Brazilian news outlets have reported a case of mad cow disease, more properly known as bovine spongiform encephalitis (BSE). The disease was confirmed in the state of Para, according to a statement by Brazil Minister for Agriculture Carlos Favaro.
According to the ministry's report, the animal was a 9-year-old male in a herd of 160 head. The property has been inspected, with movement into and out of the property halted. Samples from the sick animal have been sent to the World Health Organization for Animal Health lab. This lab, based in Canada, will report on whether this is a classic form of BSE, or some atypical variation. The atypical form is more common in older animals and considered lower risk.

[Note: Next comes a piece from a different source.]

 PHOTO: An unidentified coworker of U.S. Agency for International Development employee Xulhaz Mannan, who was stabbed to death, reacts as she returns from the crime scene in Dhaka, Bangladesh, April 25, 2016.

Favaro said in a statement: "All measures are being adopted immediately at each stage of the investigation, and the matter is being treated with total transparency to guarantee Brazilian and global consumers the recognized quality of our meat."

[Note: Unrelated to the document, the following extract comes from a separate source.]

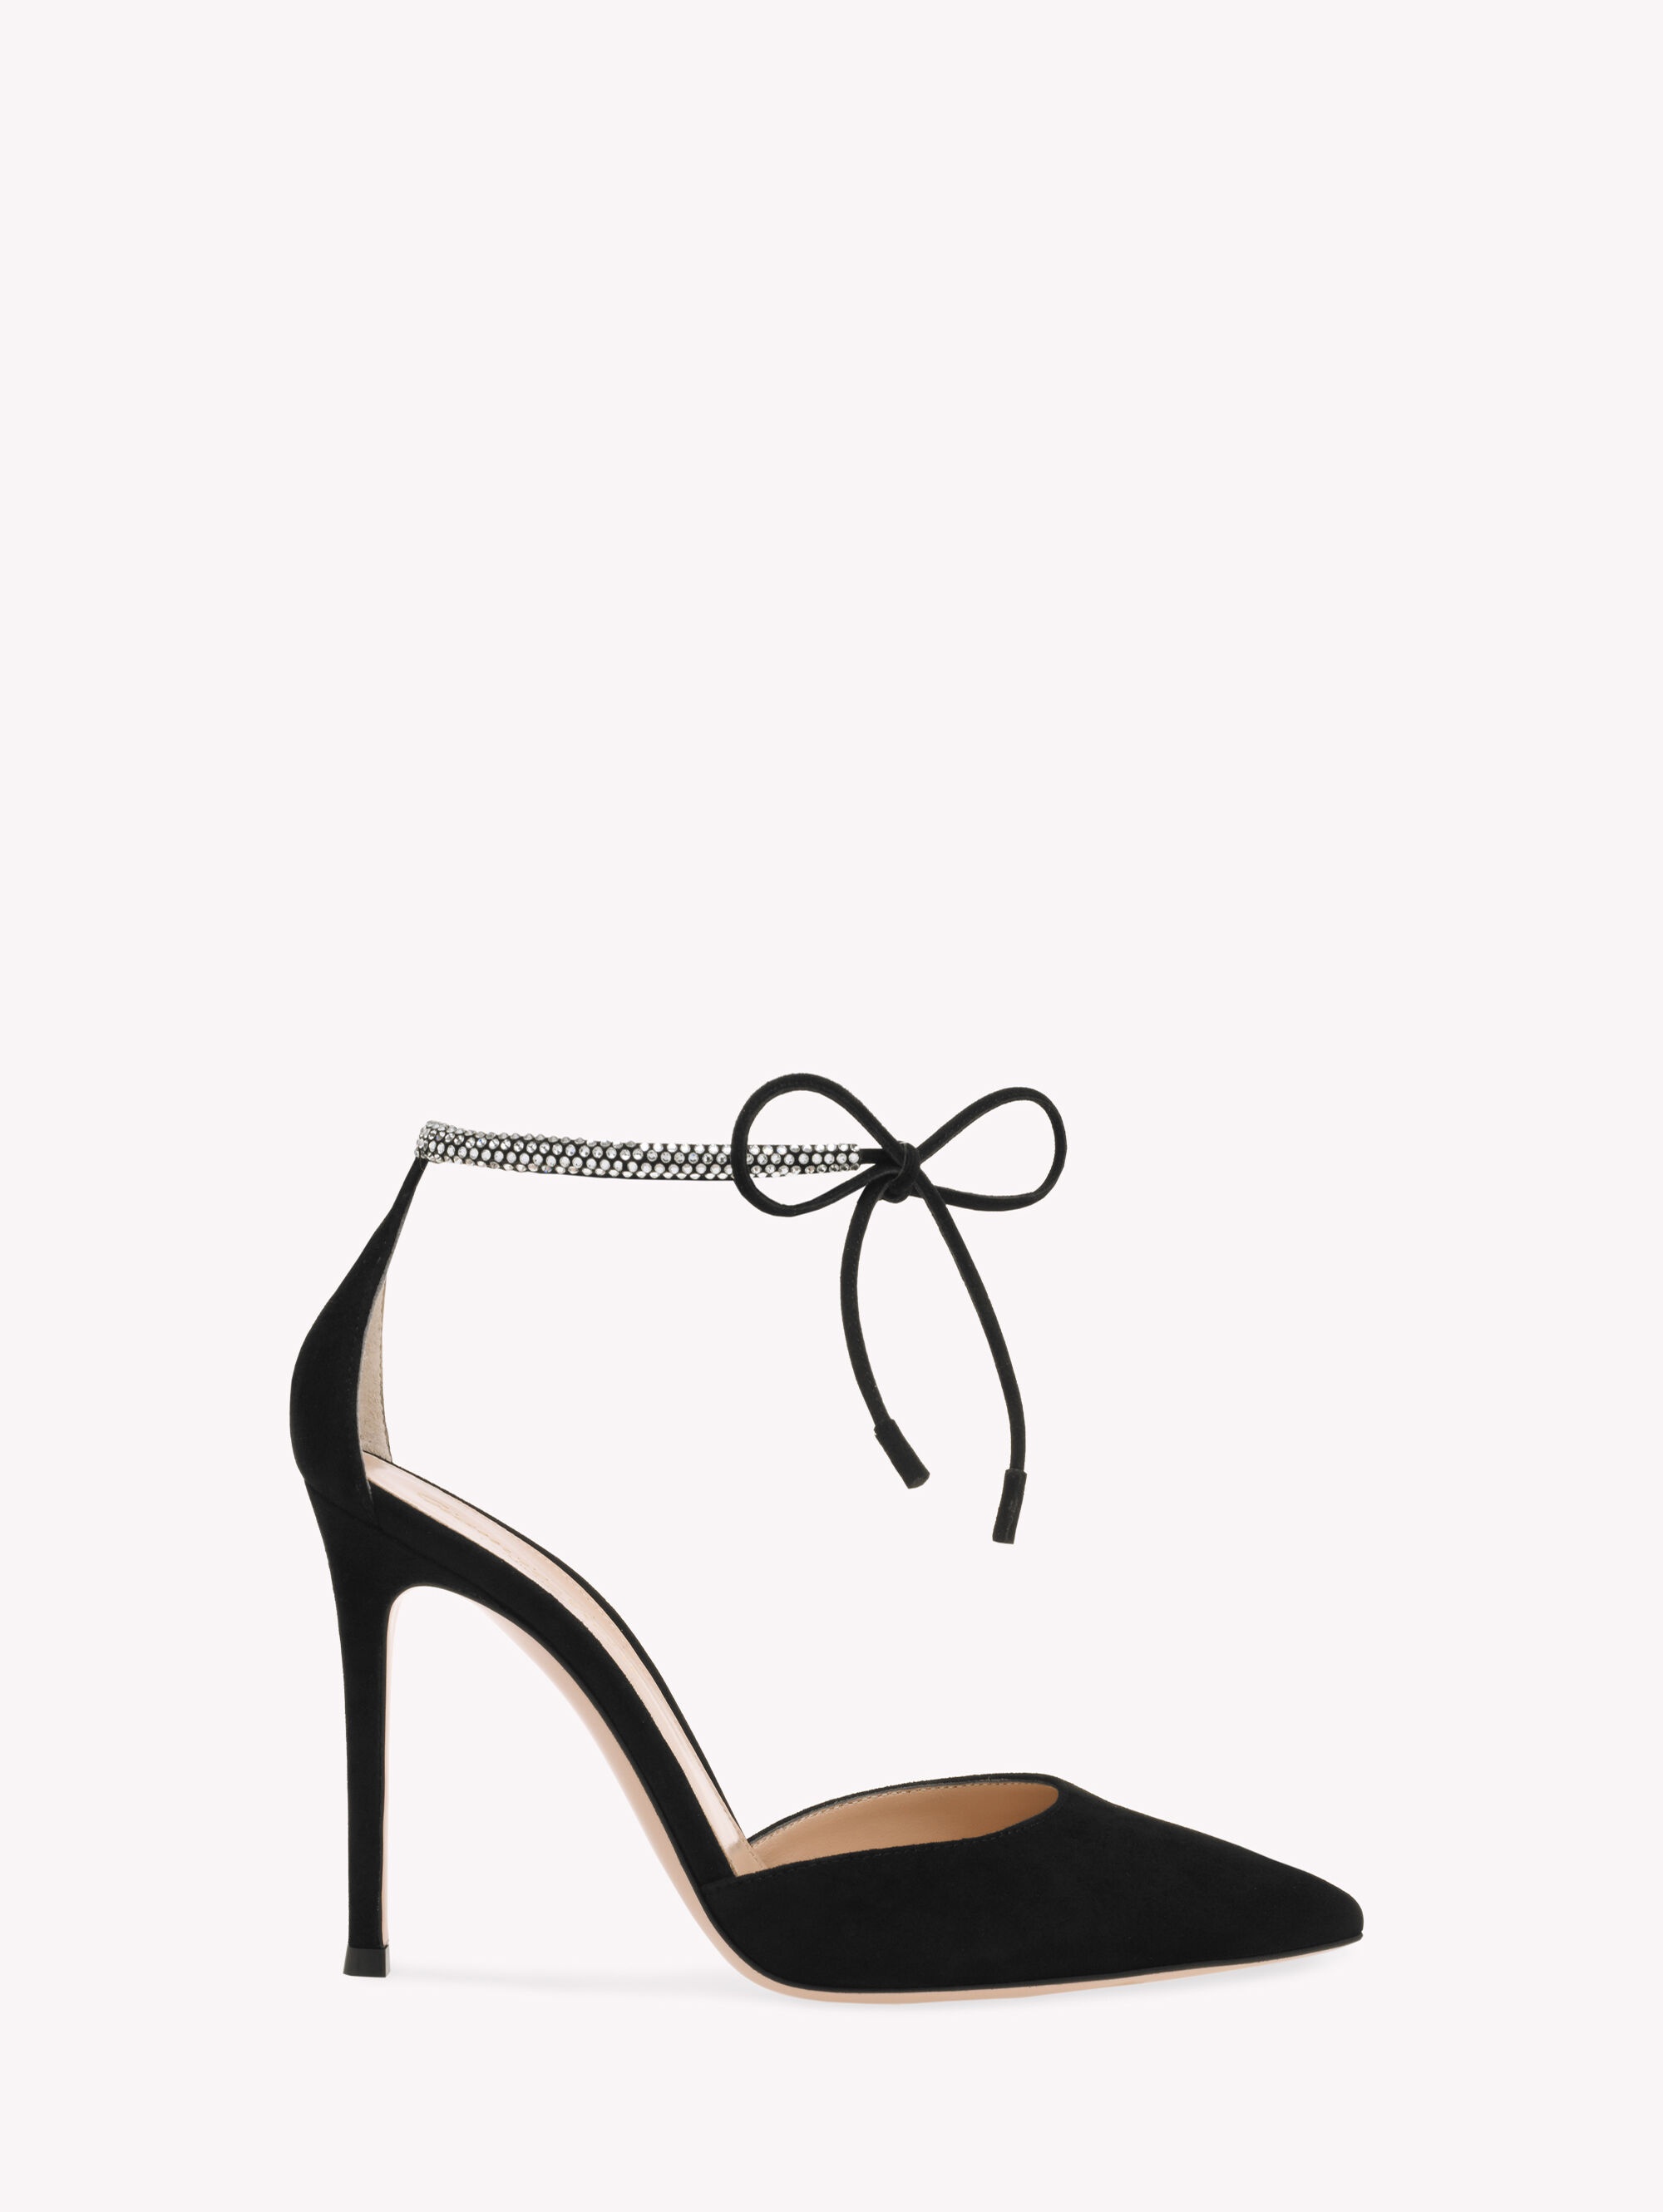 Gianvito Rossi Piper Anklet patent-leather pumps - Black

Last year, according to data from Brazil's Ministry of Economy, the country's exports of beef (fresh/chilled/frozen) set a record at 2 million metric tons (mmt), a 17% increase year over year. Chinese demand was responsible for 62% of the volume traded. The value of this totaled $11.8 billion (USD), up 48% year over year.
News of the BSE confirmation led to reports that Brazil's beef exports to China will be halted beginning March 2, 2023. This is a major economic blow to the country, as China is currently the largest export destination for Brazil's beef exports. This is not the first time a case of BSE has halted exports from Brazil to China. In 2021, two confirmed cases halted exports, each lasting around three months.
DTN Contributing Analyst Robin Schmahl noted the BSE case, and said the news led to what he called a "knee-jerk reaction" by the market. He said confirmation would mean more demand for U.S. beef, where supplies are already historically tight. That means a strong potential for higher cash, with boxed beef up on the news $4.31 for choice and $2.79 for select.
"There is no reason feedlots will not hold out for higher cash," stated Schmahl. "The general consensus is that the upcoming Cattle on Feed report will continue to show contraction of the cattle herd providing support."
CONCERNS RAISED EARLIER OVER FOOD SAFETY
Confirmation of BSE in Brazil closely follows reports in January that changes to a federal agency in charge of sanitary standards for Brazilian agricultural products were being publicly criticized by some at the Agriculture Ministry.
News outlet reported that, on Jan. 1, 2023, a ministry memo warned that the decree from President Luiz Inacio Lula da Silva reshuffling staff would undermine food inspection services, as well as work at federal labs in charge of vaccines, veterinary drugs and phytosanitary pesticides.